The main cause of the latency issue was due to initialization of retriever and synthesizer classes along with every user request. By globally initializing these classes once in the main application resolved this issue.

3. Maintaining conversation context through chat history

The application did not remember previous chat context despite initializing ConversationBufferMemory. The issue was resolved by initializing the chat memory once in the beginning and not with every synthesis request.

Key Takeaways

Developing this project has solidified my foundation in implementing RAG-based applications.

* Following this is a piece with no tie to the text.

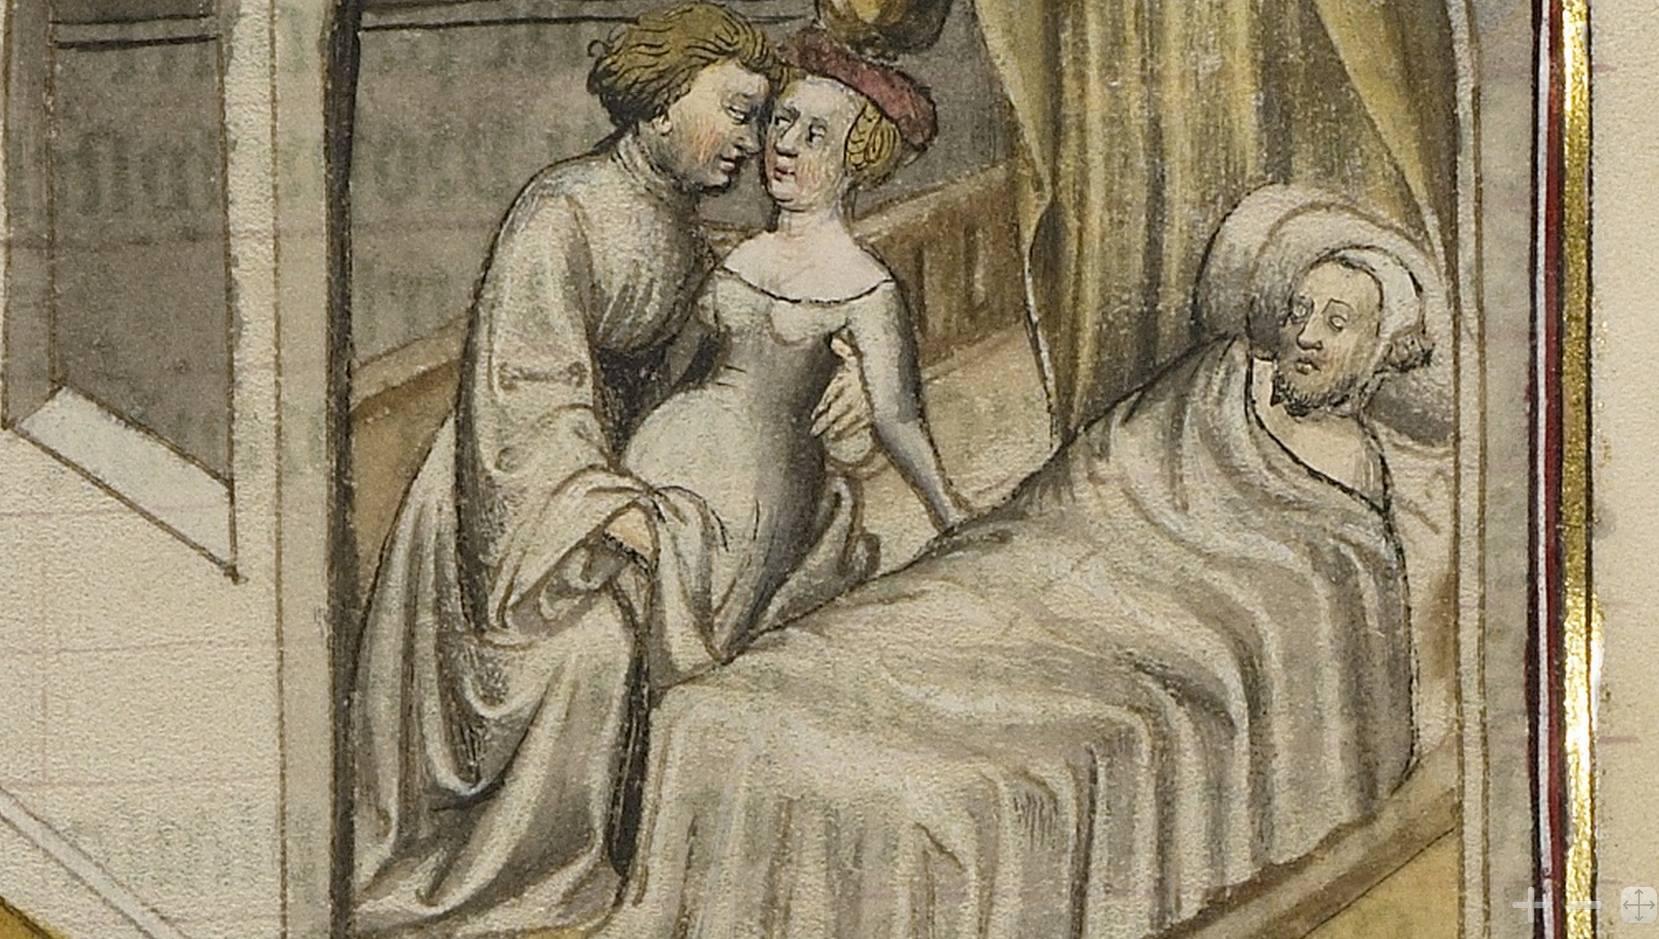 Una donna si incontra con l'amante mentre il marito dorme. Romanzo della Rosa, c. 1405, The J. Paul Getty Museum, Los Angeles
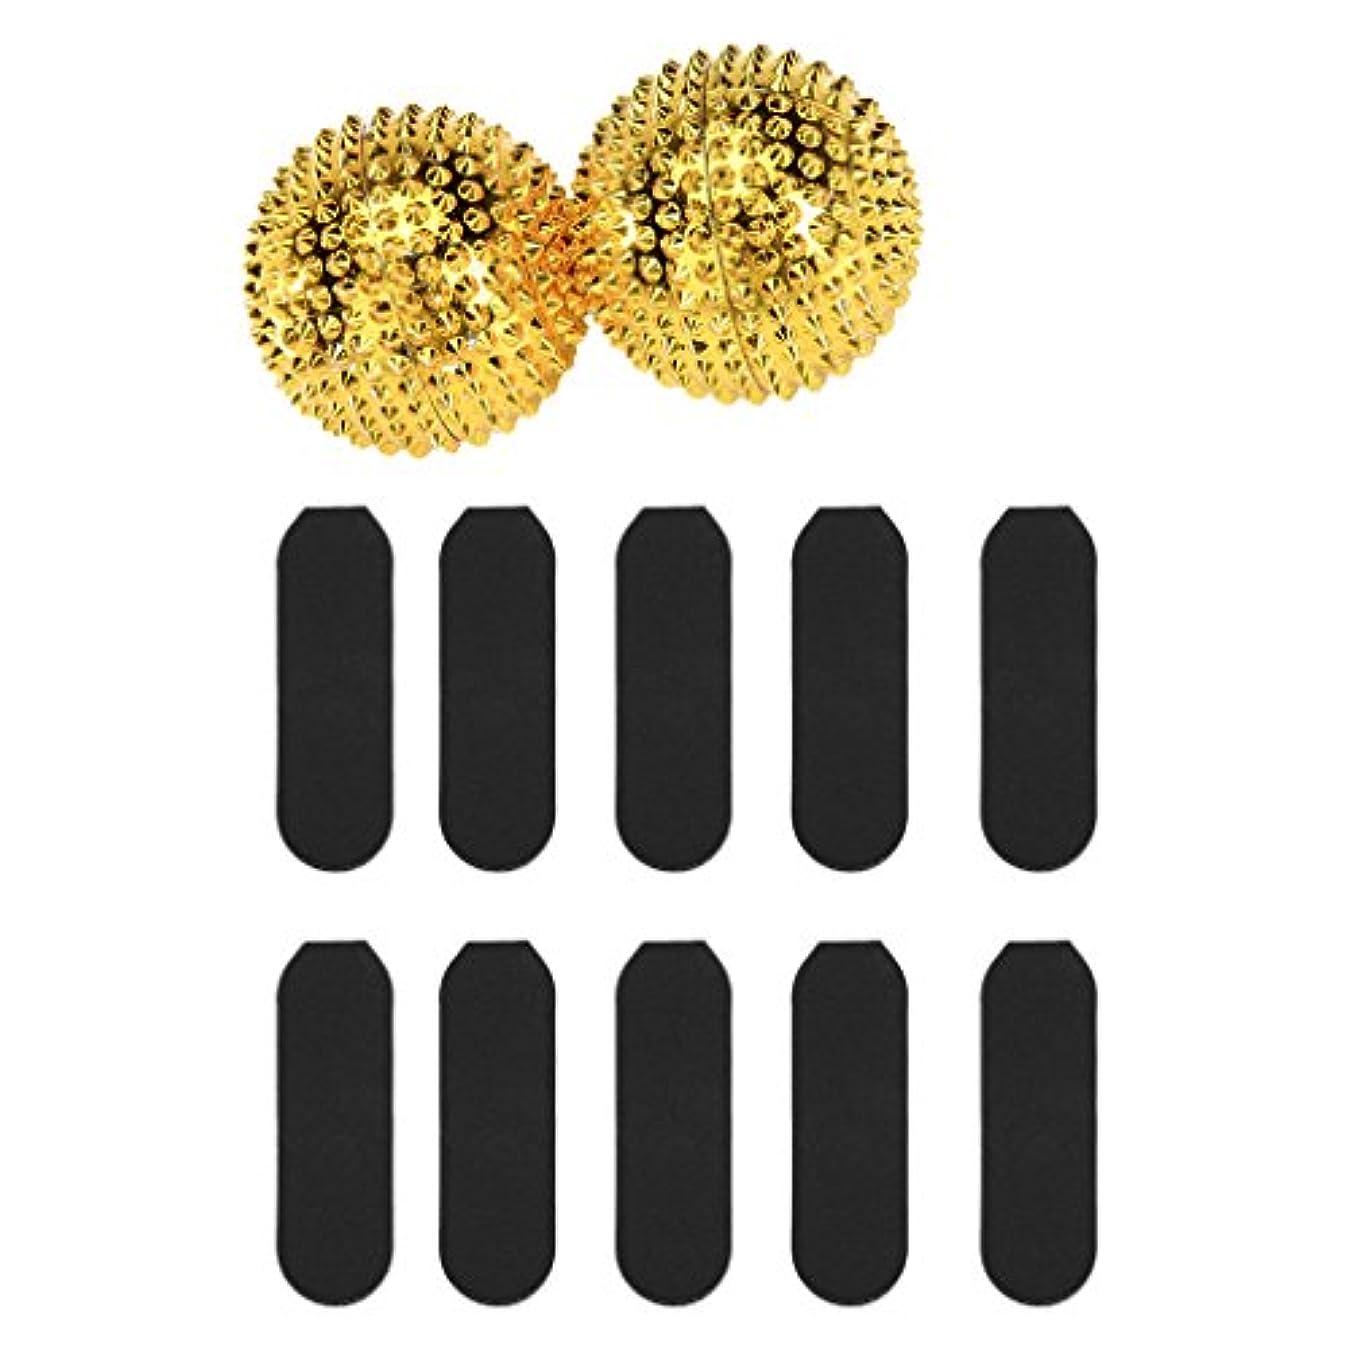 ケーブルカーリングレット増加する刺激 ボール マッサージ用 筋肉緊張和らげ + 10枚セット サンドペーパー デッド スキン カルス リムーバー ツール

Generating context-aware responses adds significant value to a business by automating their complex workflows through RAG pipelines and providing natural language responses.
Modularity and reusability should be the top priority when building agentic AI systems.

Future Enhancements

Extending multimodal retrieval of images and tables to support multimodal responses.
Enhancement of the application through adding option of multiple types of data sources in addition to PDFs.
Improving security and ethical standards of the application.

Conclusion

Retrieval augmented generation is the most widely used technique in Agentic AI applications. It augments latest and domain specific information to LLMs and utilizes their powerful capabilities to generate relevant, coherent, and useful responses. LangChain provides robust tools for building RAG applications. Many industry applications, especially customized chatbots, are built using RAG. AsktheScholar is a practical application of RAG helping resaerchers in any field question and understand research papers in an interesting and efficient manner.